I got a new RT on/off today from a friend and it is leaking air out the front. So I checked the power tube and this valve is still using a spring instead of a spacer. I tried every spacer I had but there was no noticeable difference. I just tuned my other classic valve and one spacer is missing from the set. The valve leaks immediately when air is attached to the asa and the bolt, at times, will cycle (or try to). Would you suggest using the biggest spacer I have and then try shims?

river031403
03-25-2014, 03:45 PM
I got a new RT on/off today from a friend and it is leaking air out the front. So I checked the power tube and this valve is still using a spring instead of a spacer. I tried every spacer I had but there was no noticeable difference. I just tuned my other classic valve and one spacer is missing from the set.
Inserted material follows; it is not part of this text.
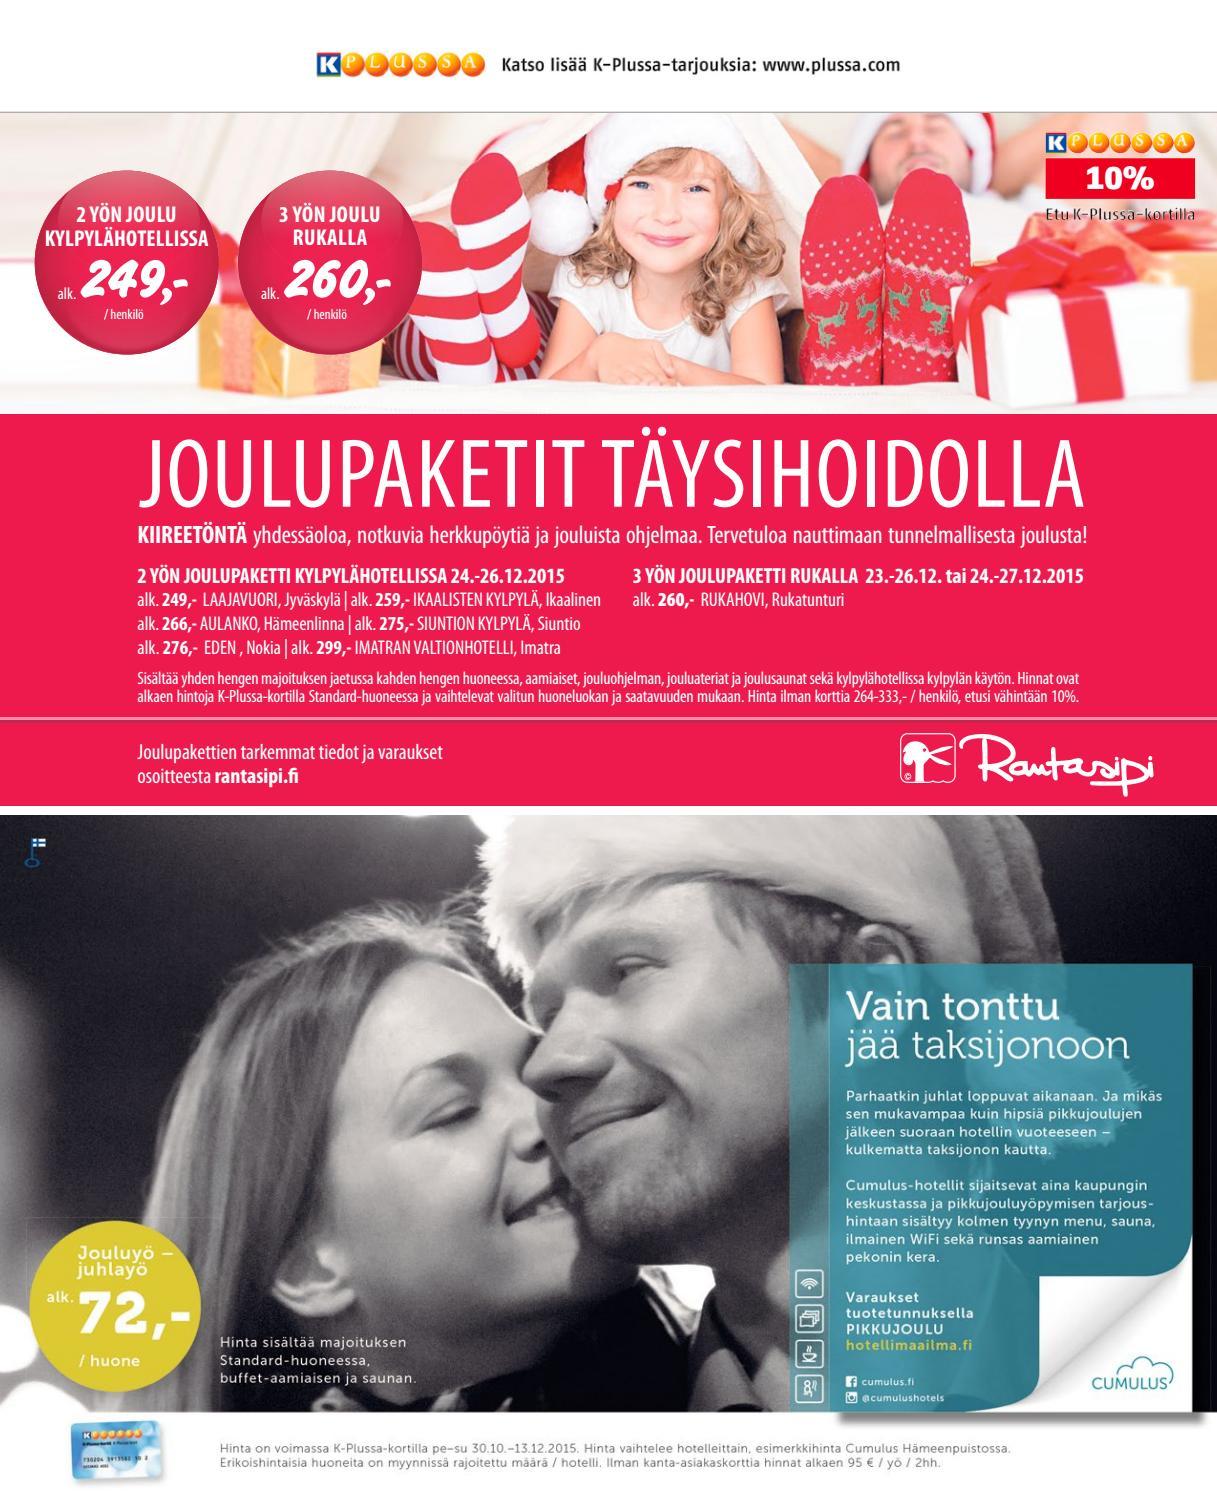 joulu 2018 ikaalisten kylpylä PIRKKA 11/2015 by Ruokakesko   issuu joulu 2018 ikaalisten kylpylä

The valve leaks immediately when air is attached to the asa and the bolt, at times, will cycle (or try to). Would you suggest using the biggest spacer I have and then try shims?
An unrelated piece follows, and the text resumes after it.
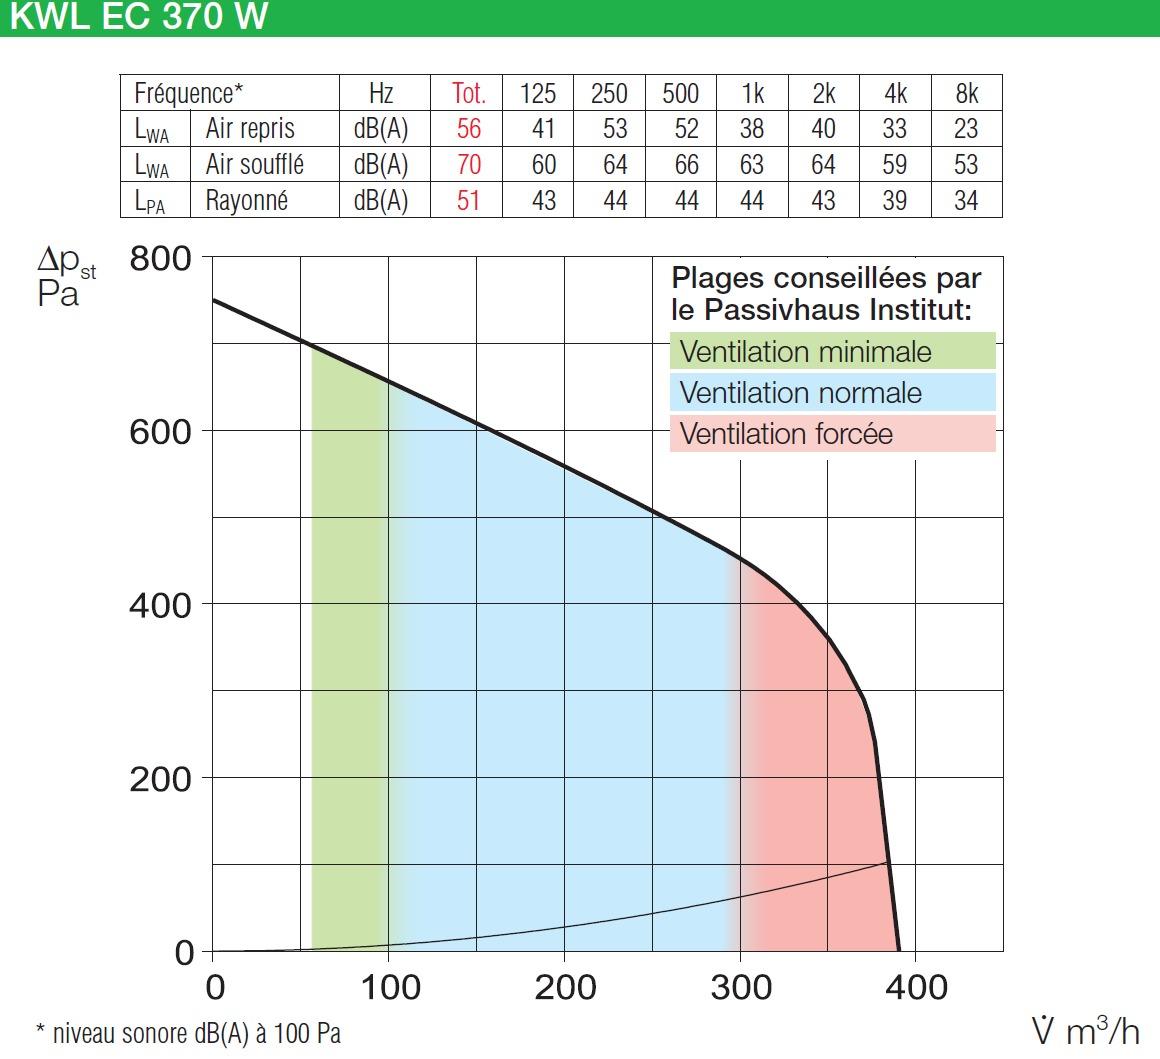 Vmc double flux kwl ec 370 w et r easycontrols for Vmc double flux sauter

Just send it to tuna already

athomas
03-25-2014, 04:11 PM
So I checked the power tube and this valve is still using a spring instead of a spacer. I tried every spacer I had but there was no noticeable difference. I just tuned my other classic valve and one spacer is missing from the set. The valve leaks immediately when air is attached to the asa and the bolt, at times, will cycle (or try to). Would you suggest using the biggest spacer I have and then try shims?If it is leaking, use a shorter spacer, not a longer one. Put the spring on end on a flat surface and place your shortest powertube spacer beside it. If the spacer is shorter than the spring, use it. If not, you can sand down your spring. If you have some sandpaper, place it sand side up on a flat surface. Rub one end of the spring against the sandpaper until it shaves enough metal off the spring to shorten its length enough to stop your leak.

fstop_22
03-27-2014, 08:18 AM
As I was about ready to chuck this valve through my kitchen window, I realized that when I get this working the way I want it, it will need a level 10 bolt in it to prevent chopping. So, I ordered a level 10 for this valve. I will post my results when it arrives and I've had time to work with it (either a video of me throwing it out my kitchen window or a video of it working). Thanks for all the help.

fstop_22
04-01-2014, 07:35 AM
Got my level 10 bolt kit yesterday and got it installed with no issues. The hyperframe now works perfectly with my classic valve (a new RT on/off installed). I promised to take video but I am almost out of paint. I wanted to free up my ReTro valve because I wanted to run a ninja SHP tank for some RTing action. When the tank arrived the ReTro valve worked great but now its acting a little sluggish. I guess if it isn't one thing, its another but I guess that will be for another thread if I need help. Thanks to all who helped me get this setup working. Without the help I'm sure I would have been replacing my kitchen window.